Wednesday, June 24, 2009

Killer costs

I've seen first hand the effects of an asthma attack - the desperate gasps for breath, the terror in the eyes. Asthma can be a killer, but fortunately one which can treated. So today's news that financial worries causes some people to think twice about using their preventers should be a warning for us all.

Many people who suffer long-term illnesses like diabetes receive free prescriptions, but most asthma sufferers have to pay. However, this inconsistent approach is unlikely to be resolved by this or the next government, given the huge numbers being bandied around about budget cuts.

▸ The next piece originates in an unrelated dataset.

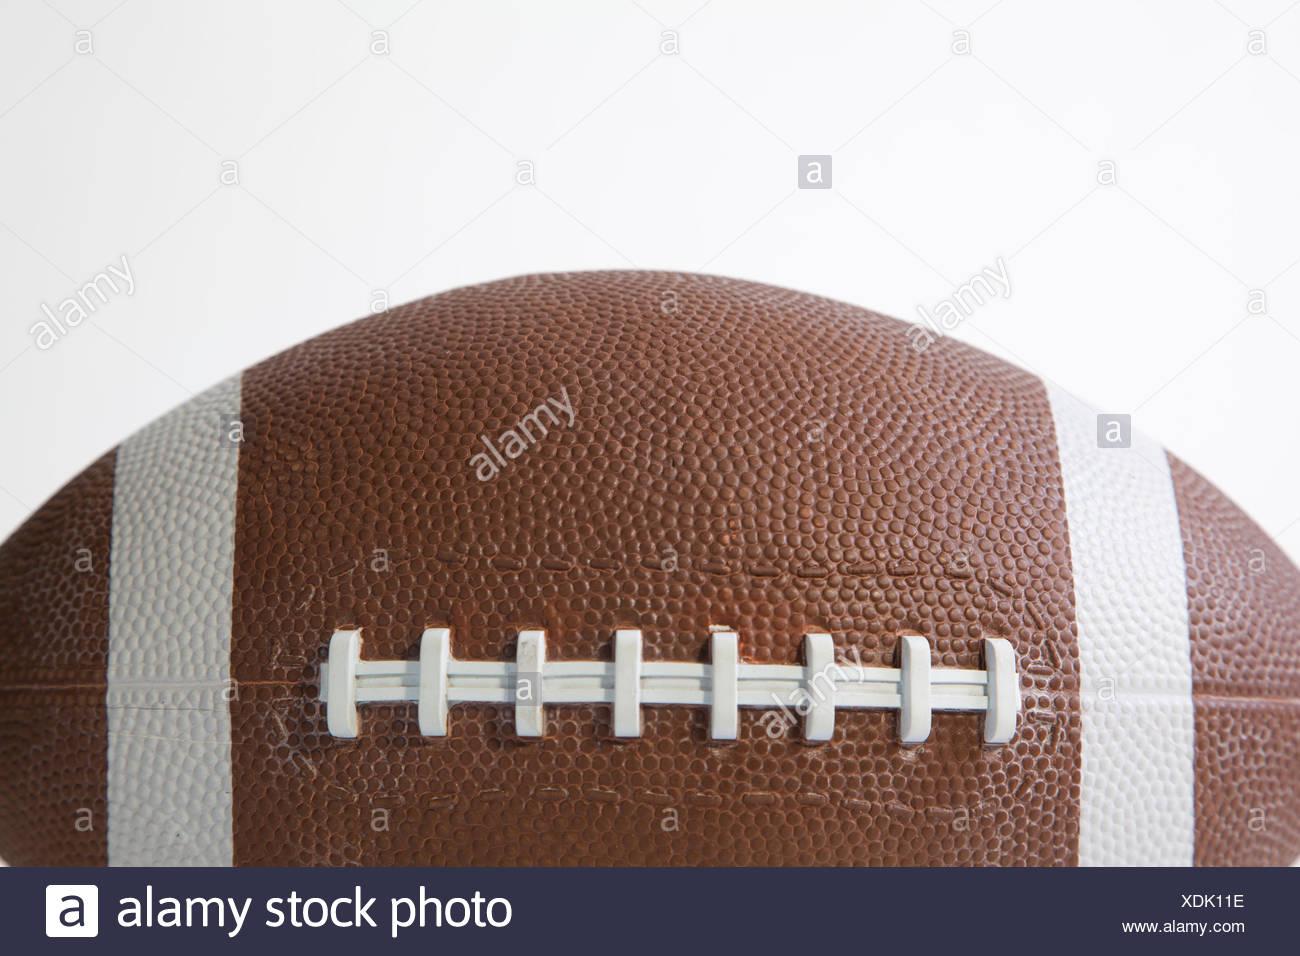 Cerca de un balón de fútbol americano Imagen De Stock

Some interesting chronic euphemismia from David Halpern (along with David Miliband one of Blair's Third Way architects) is worthy of note:
"Billions of public spending can be saved, for instance, if services for those with chronic conditions like diabetes are redesigned around self-care."
As we've seen today with the asthma study, self care begins to fail when cash becomes tight.

Both the Tories and Labour will choose to target cuts in areas which won't affect their vote negatively, aiming to keep the affluent and middle class South East voter happy. That means the disenfranchised who are less likely to vote or whose votes have little demographic influence, like those on low incomes, will be hit hardest. And with an NHS hemorrhaging cash as a result of the failure of the Tory and then Labour PFI con job, it's likely that healthcare will take a big hit.

Whilst business, like the banking and motoring industries are being feather-bedded, chances are that those hardest hit will be those who most need essential services like socialised healthcare.